These won't improve performance*, but will make it more readable, less code to manage, and less code to mess up.
*It may insignificantly improve by nanoseconds by not having to re-create the same variable over and over again!
Hi Jason
Thanks for your feedback, its truly appreciated as I'm still a novice when it comes to programming. With regards to your suggestions. Would you mind giving me an example to explain your first suggestion:
I only realized once you pointed it out that I was defining my variables multiple times, thanks for pointing it out.
Lastly could you give me some advice how I could create a function that would build my input and output arguments based on the raster workspace and fgdb.
# imports at top import os import arcpy # etc. . . # define methods here def fill_sinks(): # fill sink code def flow_direction(): # flow direction code def flow_accumulation(): # flow accumulation code # etc... # write your statements inline here, and better yet test for "__main__" first # to only execute this code if you are executing this file if __name__ == '__main__' fill_sinks() flow_direction() flow_accumulation() # etc . . .
I
Hi Jason
After fixing the line 98 incorrect allocation of fac (Flow Accumulation) to Flow Direction, my script completes within the same amount of time as my previous script.
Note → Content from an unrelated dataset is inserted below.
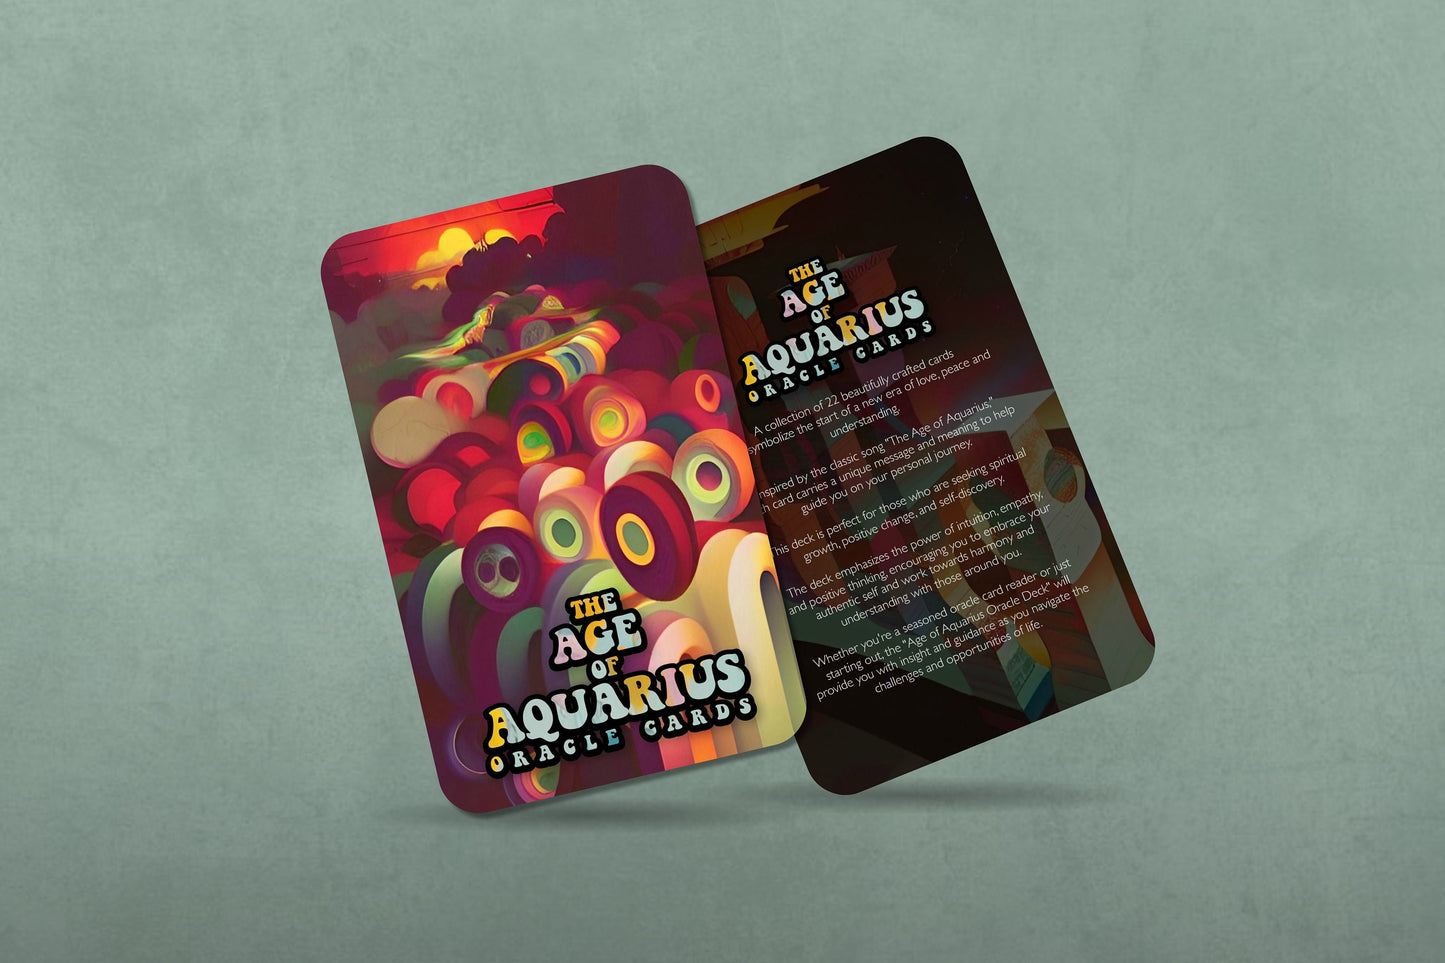 The Age of Aquarius Oracle Cards - New Age Oracle

I'm going to look into developing a function to allocate the variables automatically as this is standardised. The only input required from the user is the:
Since this isn't a class, only a script, you really don't need to put this in a method. How you did it in your original script would work just fine:
# archydro variables fill_sinks = os.path.join(rasWs, "fil") flow_dir = os.path.join(rasWs, "fdr") flow_acc = os.path.join(rasWs, "fac") streams = os.path.join(rasWs, "str") stream_seg = os.path.join(rasWs, "strlnk") catchment_grid = os.path.join(rasWs, "cat") catchment_poly = os.path.join(outWs, "Layers","Catchment") drainage_line = os.path.join(outWs, "Layers", "DrainageLine") adj_catch = os.path.join(outWs, "Layers", "AdjointCatchment")
If you prefer Path, just replace os.path.join(x,y,z) with str(Path(x,y,z)).
Honestly, for what you are doing, I think you might have over-engineered your solution on the 2nd script. The 1st one didn't look too bad. For performance, make sure everything is working in memory like other people have suggested. Only output it to disk when you are through processing it.
Hi Peter-
Your observations about read/write speeds are really important for effective geoprocessing. Since you running in a stand-alone script, you can use the "IN_MEMORY" workspace to speed up many transactions. I'll let you read up on it, but essentially you create a virtual GDB called "IN_MEMORY" and set your environment workspace to reference it. For vector operations you can see huge improvements - raster as well, if you have the memory to support it.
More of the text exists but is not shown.